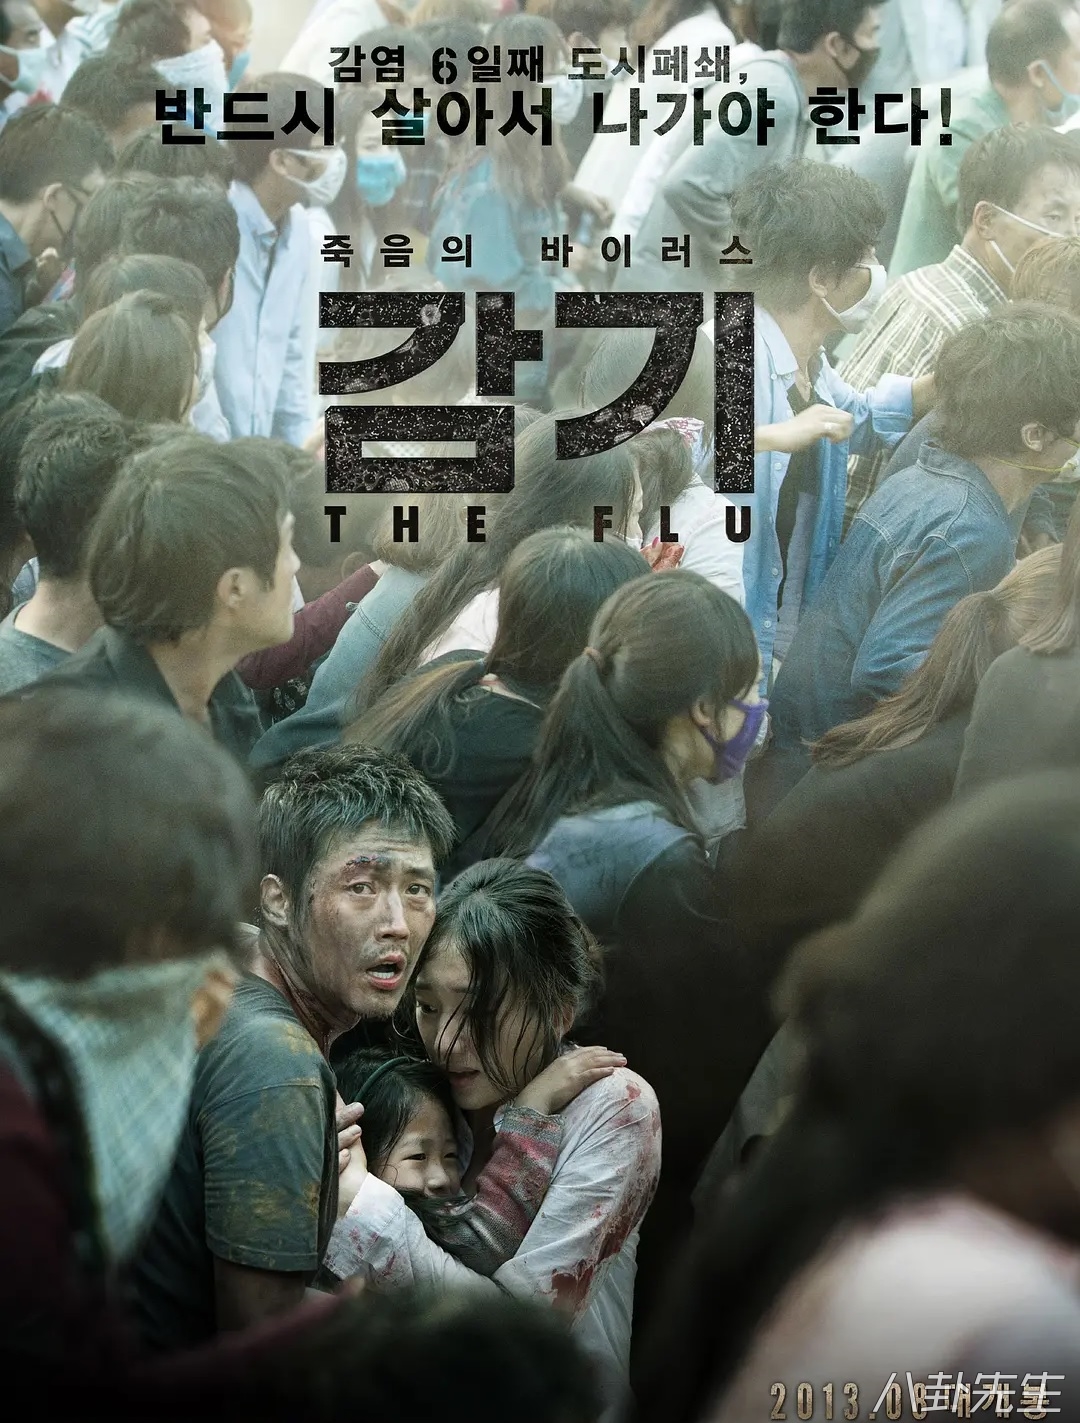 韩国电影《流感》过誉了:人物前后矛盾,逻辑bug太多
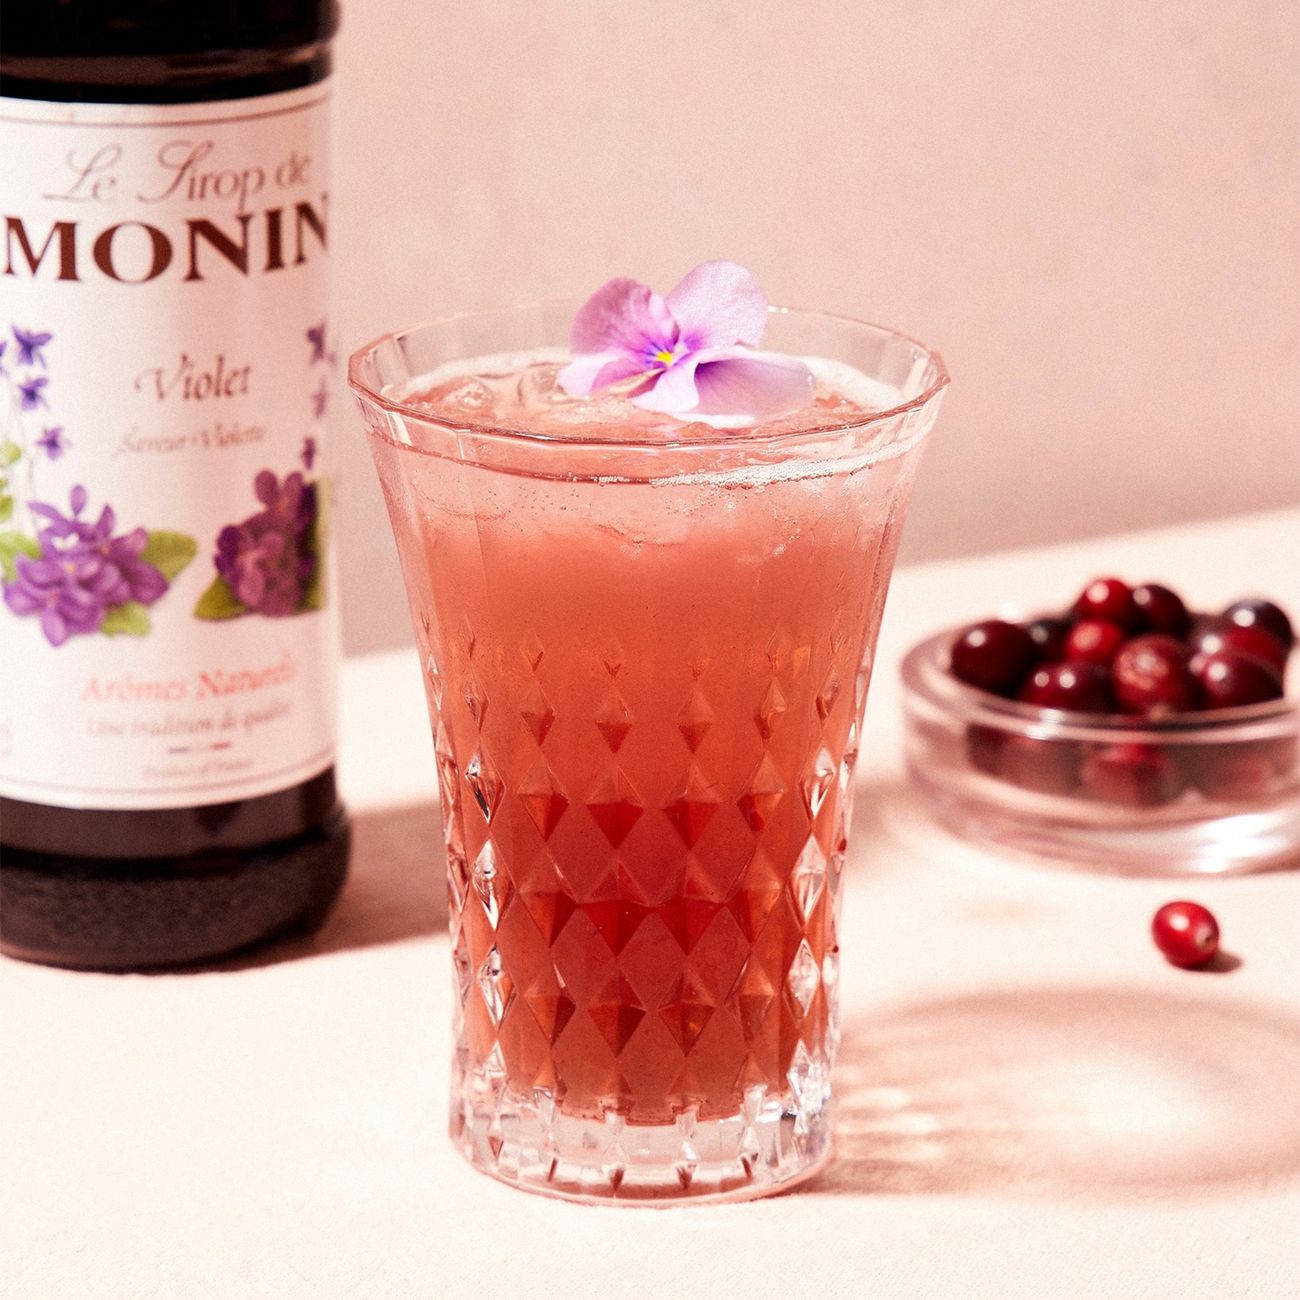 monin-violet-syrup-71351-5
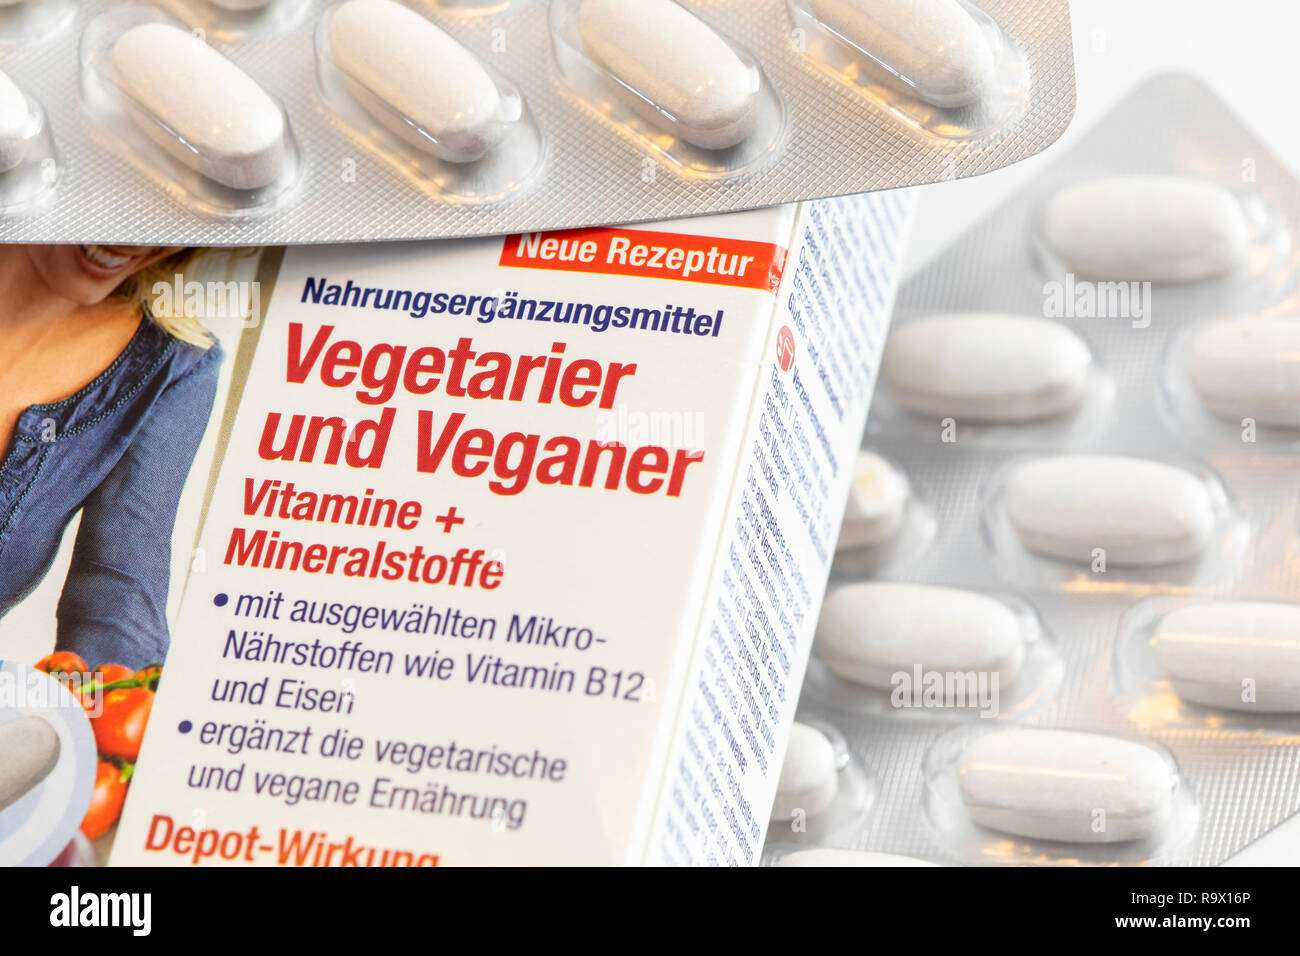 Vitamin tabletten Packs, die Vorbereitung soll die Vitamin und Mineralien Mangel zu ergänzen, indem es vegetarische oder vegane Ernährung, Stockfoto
━━━━━━━━━━━━━━━━━━━━━━━━━━━━━━
Your response must reproduce every line of the data exactly, with images omitted.

▶ Solution for this problem
 韩国电影《流感》过誉了:人物前后矛盾,逻辑bug太多
 monin-violet-syrup-71351-5
 Vitamin tabletten Packs, die Vorbereitung soll die Vitamin und Mineralien Mangel zu ergänzen, indem es vegetarische oder vegane Ernährung, Stockfoto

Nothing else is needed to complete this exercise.